Des lecteurs peuvent préférer les passages racontés à travers la perspective de Machin et d’autres à travers les yeux de Truc-Chose. Certes, mais si Machin est un personnage captivant et que Truc-Chose est plus « creux », une majorité de lecteurs va redouter les passages racontés de son point de vue, voir les lire très vite : il y a des parties du roman qui sont bien et d’autres parties moins bien, juste parce que le narrateur est un personnage moins intéressant 😦

Autre risque : les voix qui racontent doivent être caractéristiques. Par exemple, il y a le personnage qui n’a peur de rien, celui qui doute, celui qui est parfois drôle… Ils ne peuvent pas être tous courageux, tous dans le doute, ou tous drôles. Mais il faut de la nuance et ne pas tomber dans la caricature pour essayer de les distinguer les unes des autres. C’est un aspect que je trouve difficile. Mais pas autant que celui qui va suivre.

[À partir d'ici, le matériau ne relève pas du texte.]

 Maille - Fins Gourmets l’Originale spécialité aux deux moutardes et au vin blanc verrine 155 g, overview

Le risque de se mélanger les pinceaux.

Si le narrateur X déteste les chats, par exemple, et que le narrateur Y les aime bien, vous ne pouvez pas vous tromper quand vous écrivez la scène où le narrateur Y voit des chats. Y est celui qui aime bien les chats, ce n’est pas ce personnage qui va détourner le regard en voyant des chats, c’est l’autre ! Je sais que ça paraît évident, parce que vous connaissez bien vos personnages, mais quand vous écrivez un roman, des détails comme ça, il y en a sans arrêt.

Plus risqué encore, si votre intrigue est relativement complexe (complots, secrets, manipulations, etc.), au-delà de deux points de vue narratifs internes, il peut être difficile de se rappeler (même en prenant des notes) de qui détient telle information et qui ne la détient pas, ou pas encore.

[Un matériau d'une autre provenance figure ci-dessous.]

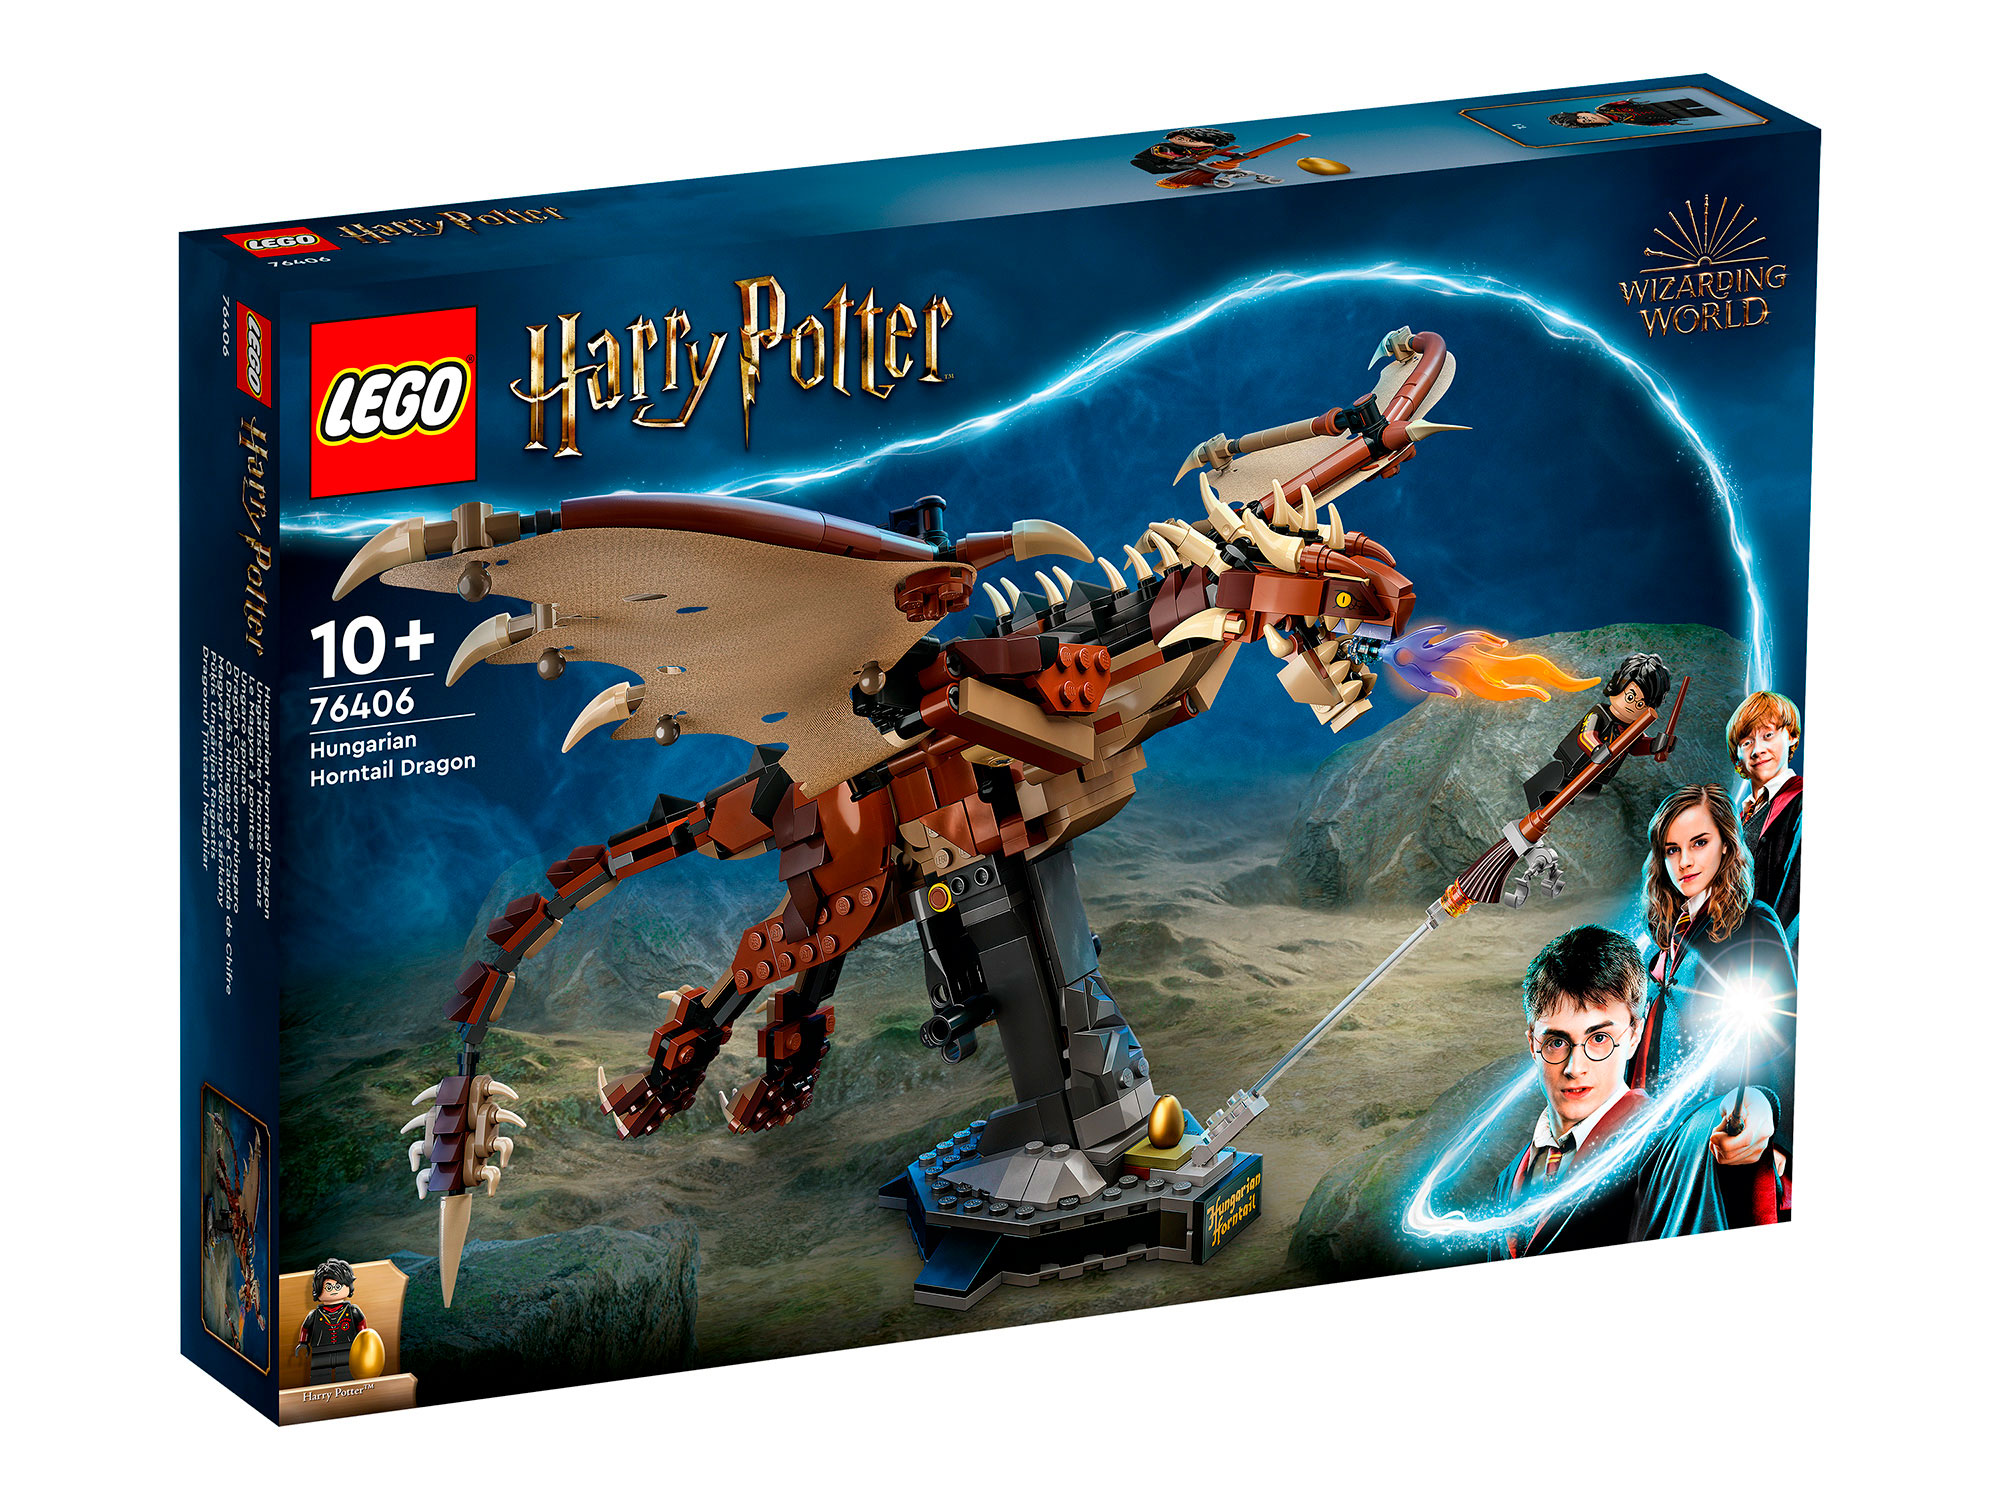 Конструктор LEGO 76406 Harry Potter Венгерская хвосторога, 671 деталь конструктор lego harry potter патронус 754 детали 76414

Enfin, il faut effectuer des changements de points de vue narratifs internes de façon claire ; un lecteur doit comprendre, dès le début d’une nouvelle scène ou d’un nouveau chapitre, qui est le narrateur. Parfois, le simple changement de lieu, par exemple, indique de suite qui raconte – quand les personnages sont dans des lieux suffisamment distincts (ou le climat, ou autre élément permettant de savoir immédiatement qu’on a changé de point de vue narratif).

Pour ne pas prendre de risque, de nombreux auteurs écrivent le nom du lieu au début de chaque scène ou chapitre, ou encore le nom du personnage/point de vue… Quelque chose qui empêche de douter.

En tant que lectrice, j’adore ces histoires qui se rejoignent pour n’en faire qu’une. En tant qu’auteur, je me suis complètement plantée quand j’ai voulu le faire et je ne suis pas prête de recommencer.

Pour conclure

Un point de vue narratif interne vous fait raconter votre histoire à travers la perspective d’un personnage et ceci comporte de grands avantages pour certains romans, à la première comme à la troisième personne.

Les choses se compliquent avec deux points de vue narratifs internes et plus un auteur doit en faire alterner, plus son travail se complexifie. Mais avec une solide phase de préparation, on galère bien moins. Et puis ça permet d’apprendre plus de choses, en tout cas c’est mon ressenti, que d’écrire avec le point de vue omniscient qui, souvent, est « commode » ou « arrangeant ».

Mais le point de vue omniscient n’est pas facile à manier. Il n’existe aucun « choix de la facilité » (à mon grand regret). Il crée moins de tracas, mais il a ses pièges. Lui aussi, il est parfois très casse-tête.

Pour choisir, il faut savoir de quoi son histoire a besoin. Ne pas laisser ses préférences de lecteur interférer dans le choix. Lire des romans et « décrypter » le choix qui a été fait aide beaucoup, je trouve, et aussi faire des exercices d’écriture, comme écrire une scène d’un point de vue et la réécrire d’un autre point de vue.